Speaking at the summit, Shri Piyush Goyal framed the technology in exactly those terms. “India’s vision for energy transition is not just about adoption, it is about building the infrastructure that defines the future. Autonomous Fuelling is a critical piece of that puzzle, and the Government of India, through the Ministry of Commerce and Industry, is committed to creating the right policy environment to introduce and scale this technology across the country. Startups like Repos Energy, who are building at the intersection of AI, IoT, and energy, are exactly the kind of innovators that will help India lead the global energy transition. VivaTech 2026 is a fitting platform to announce this intent to the world.”

For Repos Energy, that endorsement represents more than visibility. It signals alignment between startup innovation and policy direction at a moment when India is trying to define its place in the next generation of industrial and technological infrastructure.

The company’s founders, Aditi Bhosale Walunj and Chetan Walunj, have spent the better part of the past decade building toward this point. Repos began in 2017 with a deceptively simple but highly disruptive idea: what if fuel came to you instead of the other way around? That question led to one of India’s most visible energy-tech ventures, with Repos helping shape the doorstep fuel delivery ecosystem and working with the Government of India on the policy framework that made it viable. Over time, what started as a logistics innovation has evolved into something larger, a company increasingly positioning itself as an AI-driven energy transition infrastructure player. That evolution was on full display in Paris.

“Showcasing our Autonomous Fuelling vision here, on a day when India stands tall on the world stage, is a defining moment, not just for Repos Energy, but for every Indian entrepreneur who dares to build for the world,” said Aditi Bhosale Walunj, Founder, Repos Energy. “When we started in 2017, we never imagined it would bring us here. This is proof that when you build with conviction, the world takes notice.”

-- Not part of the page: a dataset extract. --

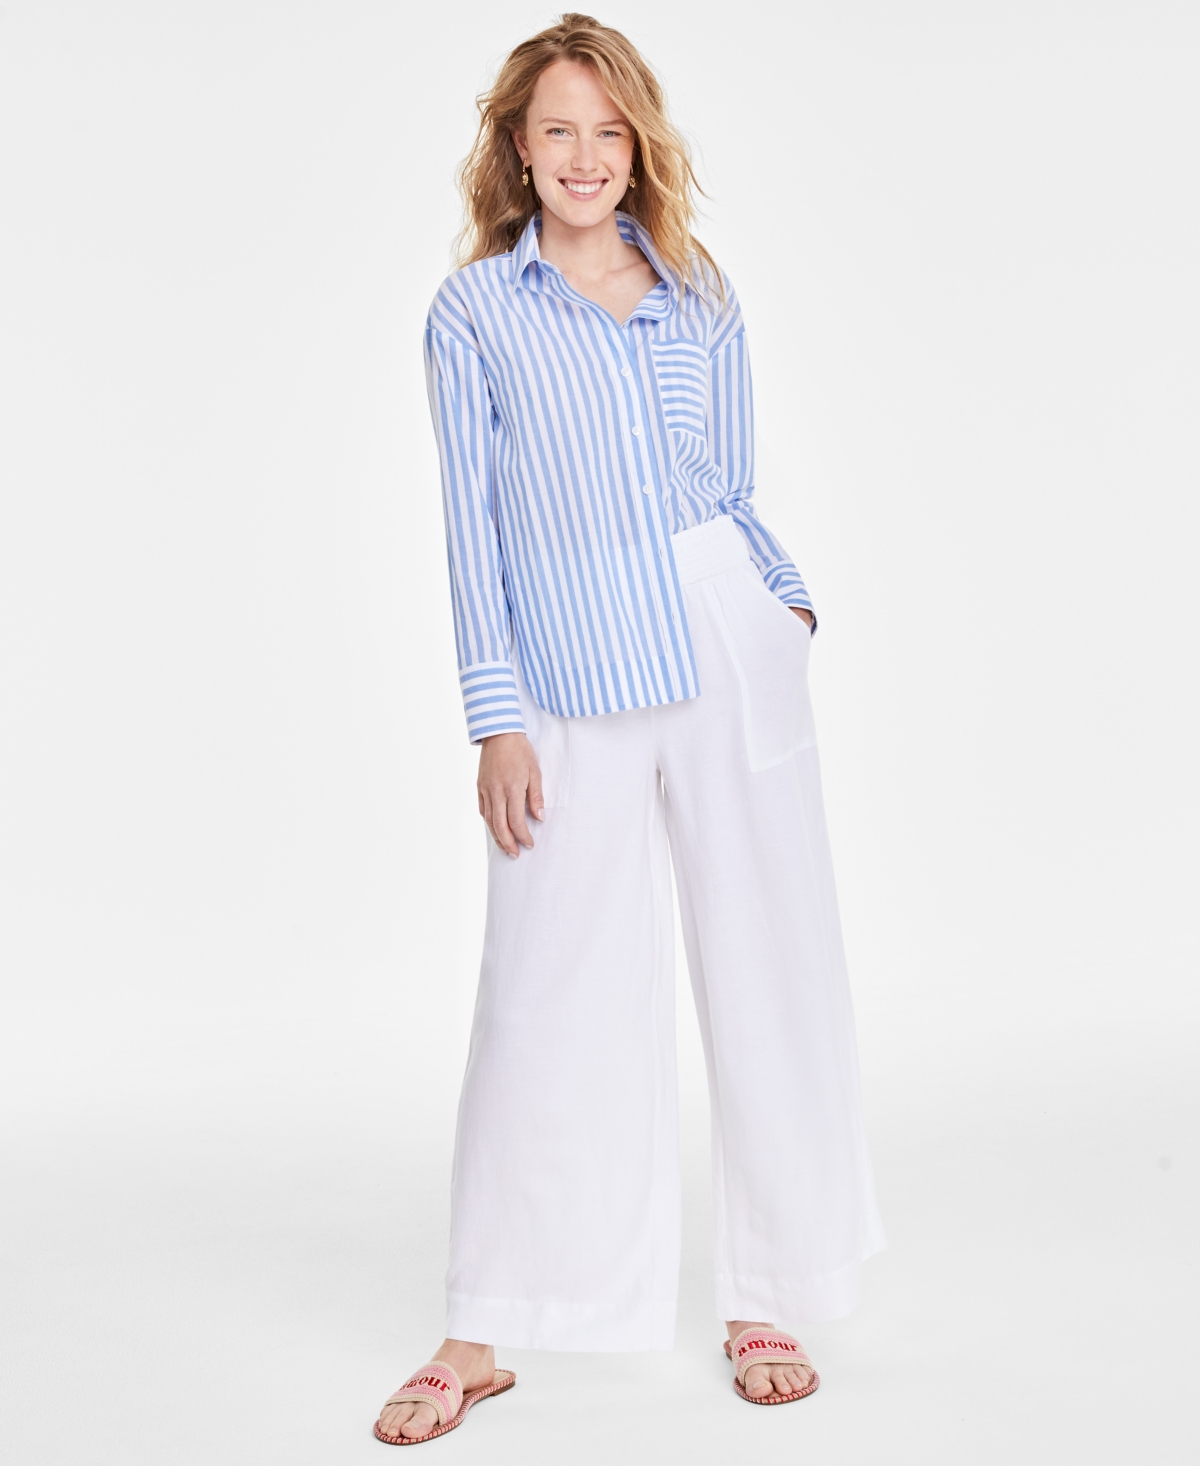 Women's Stripe Relaxed-Fit Shirt, Created for Macy's - Regatta Combo

Her co-founder Chetan Walunj placed the opportunity in even broader terms. “The future of energy is autonomous, intelligent, and made in India. By combining AI, IoT, and robotics, we are not just reimagining fuel delivery, we are building the infrastructure that will power the world’s energy transition. This is Repos Energy’s commitment to Viksit Bharat, and beyond.”

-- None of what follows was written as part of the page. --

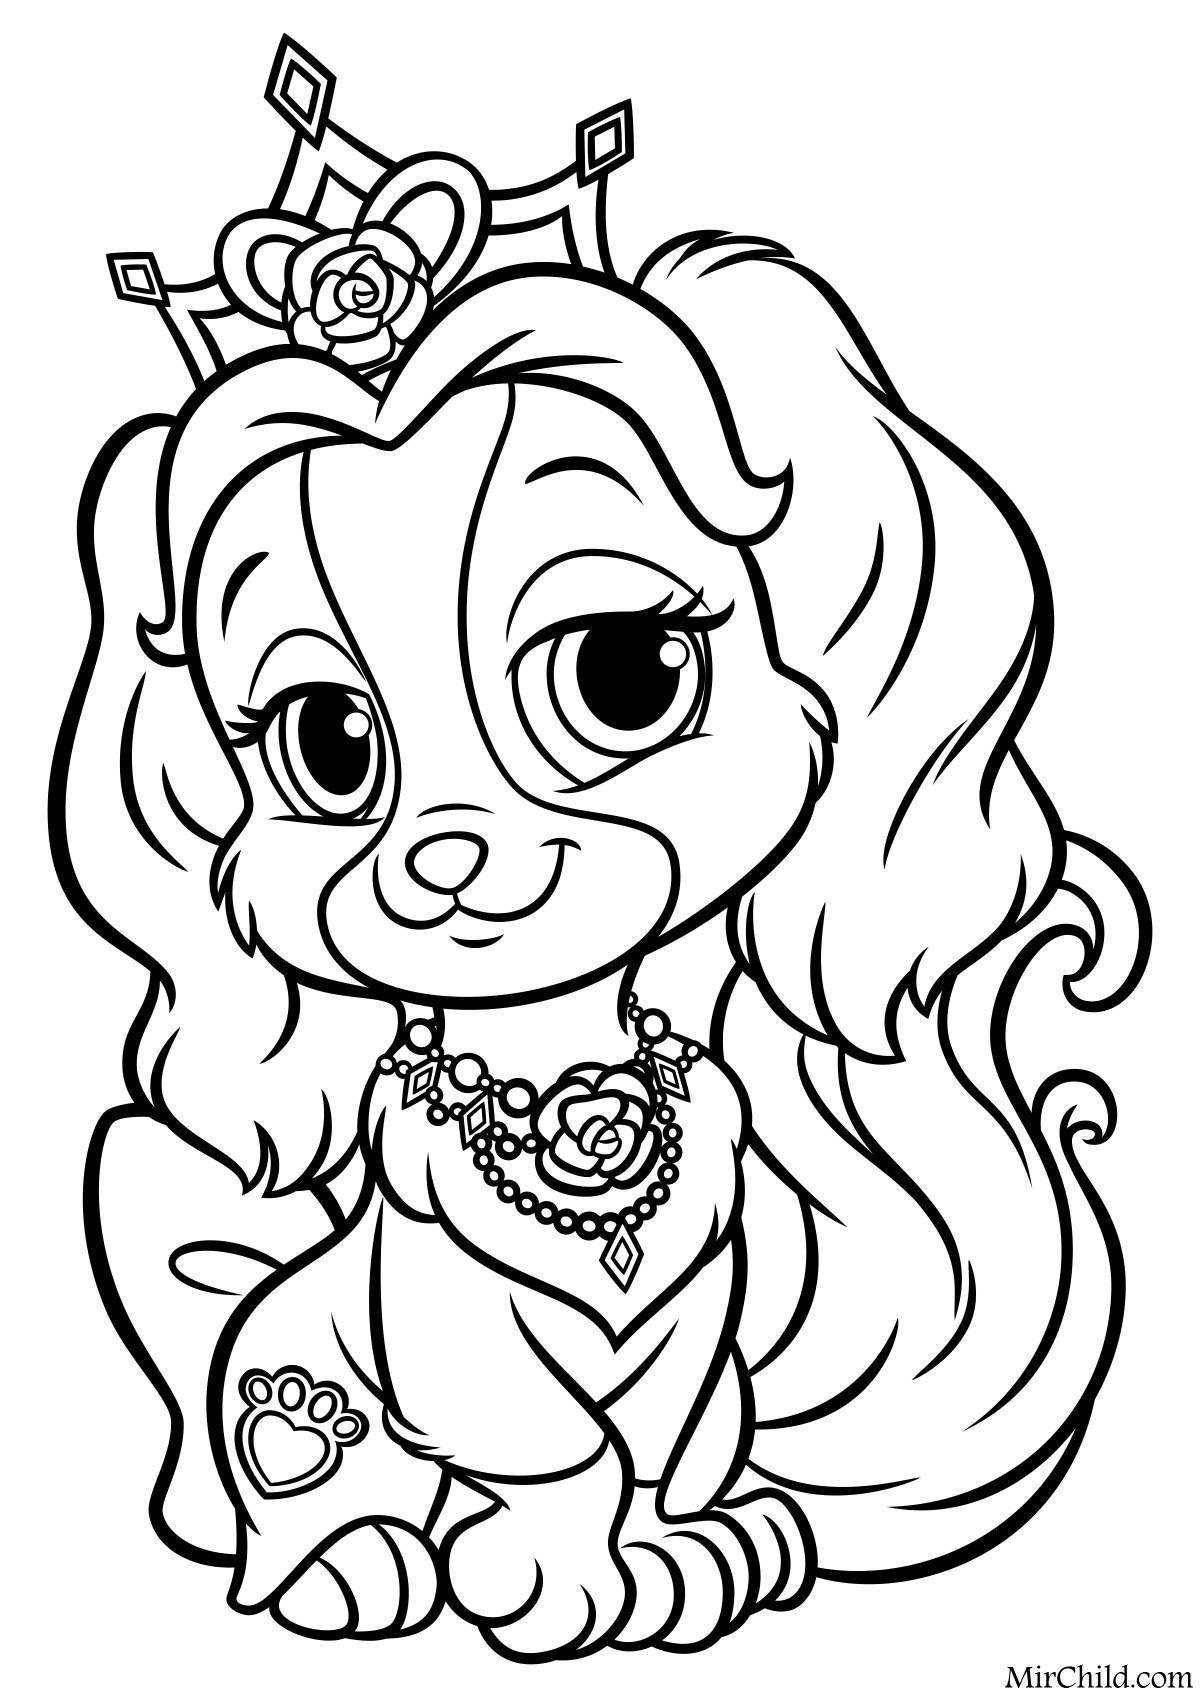 Puppy wiggly coloring page

Those remarks capture the company’s ambition, but they also speak to a larger shift in India’s startup narrative. For years, Indian innovation has been celebrated for scale, speed and digital adoption. What companies like Repos are now attempting is something more infrastructure-heavy and globally consequential: building exportable deep-tech systems that sit at the crossroads of energy, automation and public utility.

Repos already brings substantial operating credibility to that ambition. The company says it has built a network of 2,500-plus fuelling partners and served more than 25,000 businesses across India. It has also drawn notable backing, including support from the late Ratan Tata, who invested in the company across two funding rounds. That combination of operational traction, policy engagement and investor validation gives weight to its latest pivot.

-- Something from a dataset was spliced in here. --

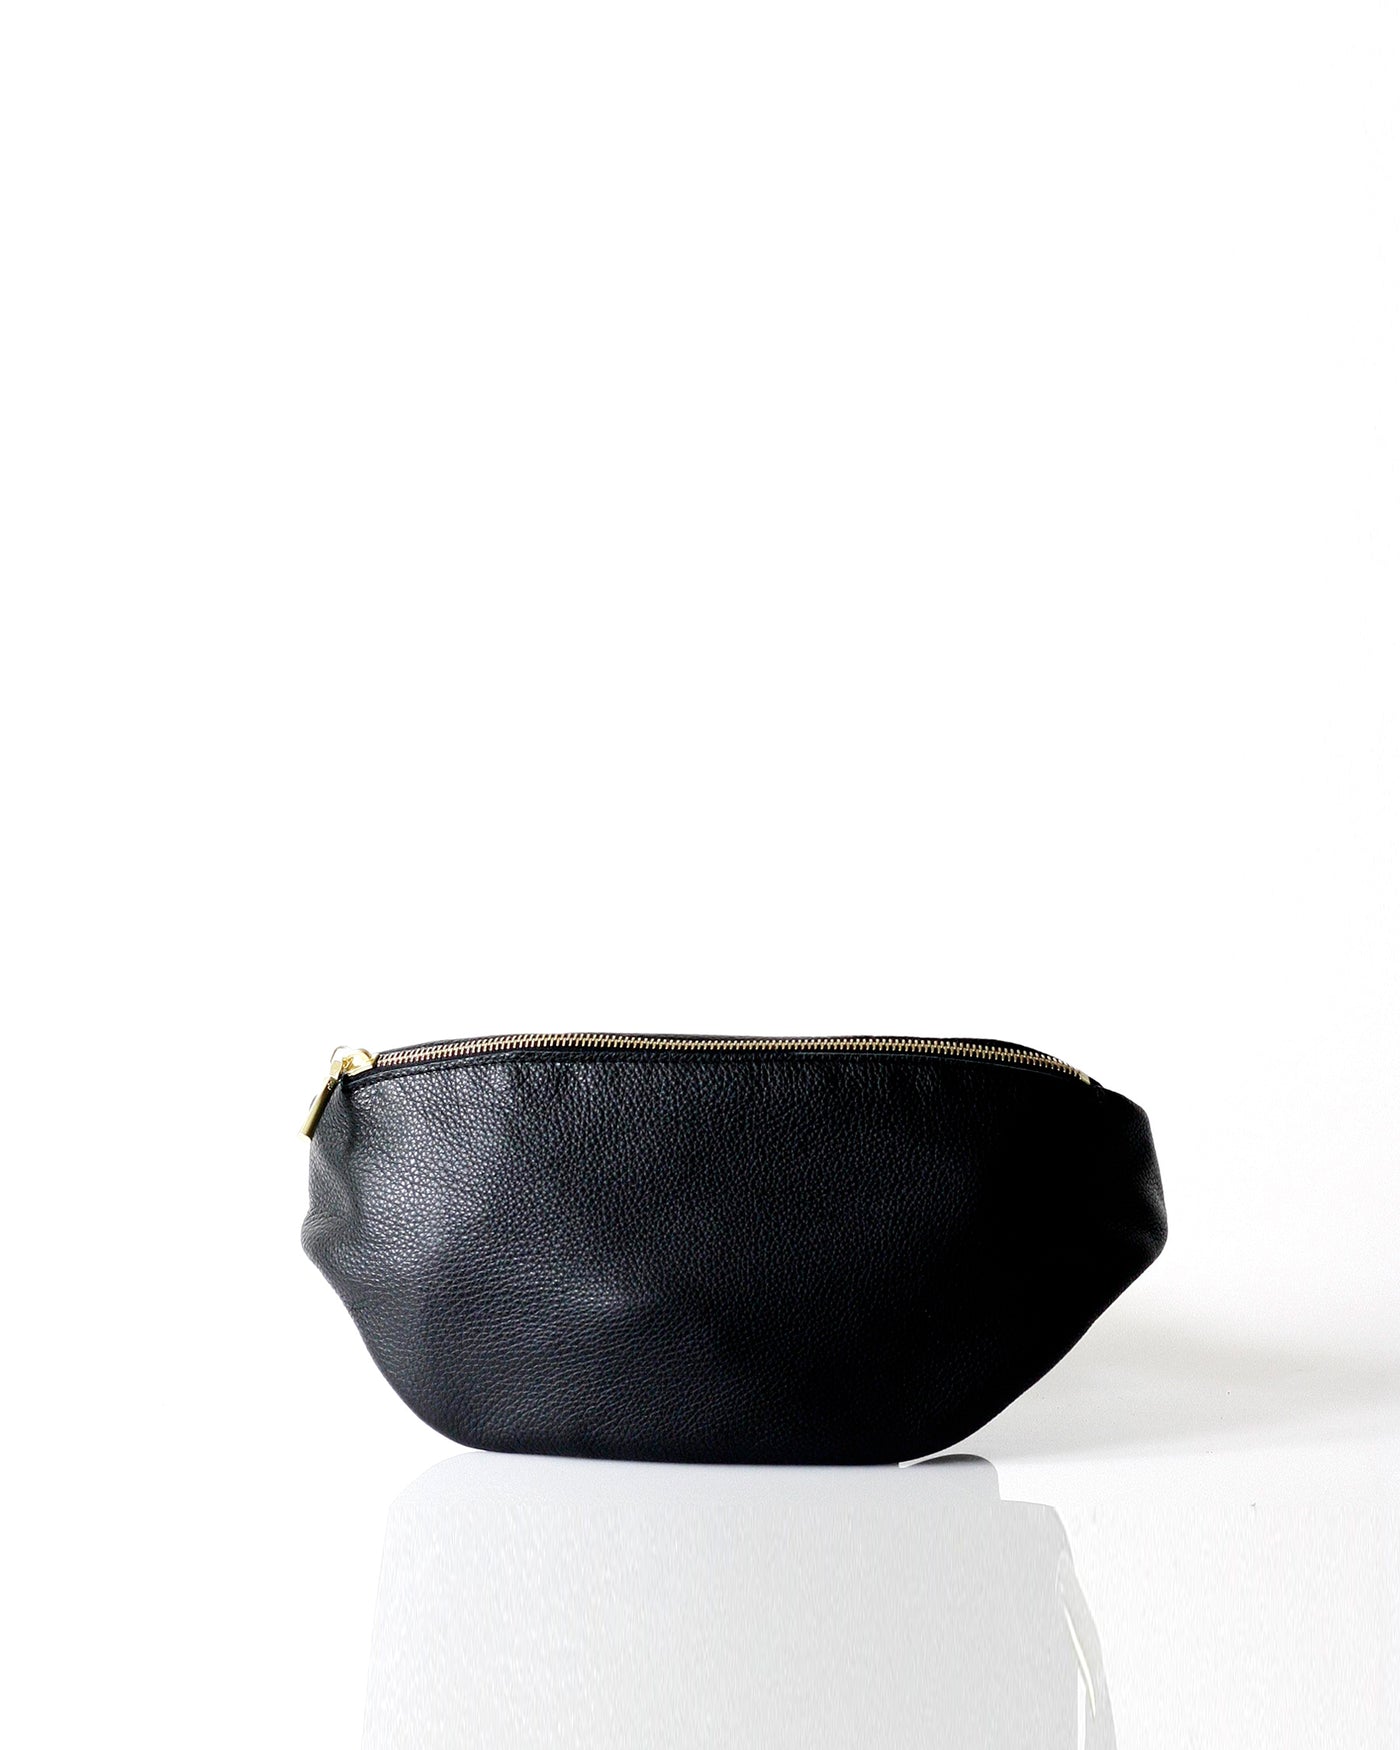 Lola Belt Bag - Opelle bag Permanent Collection - Opelle leather handbag handcrafted leather bag toronto Canada

Its presence at VivaTech therefore felt less like a one-off showcase and more like a declaration of intent. Repos is positioning itself at the meeting point of two powerful stories: India’s emergence as a serious deep-tech nation, and the world’s search for smarter, cleaner and more efficient energy infrastructure.

If Paris was the stage, autonomous fuelling was the message. And Repos Energy made it clear that for India’s next energy chapter, the pump of the future may not look anything like the one we know today.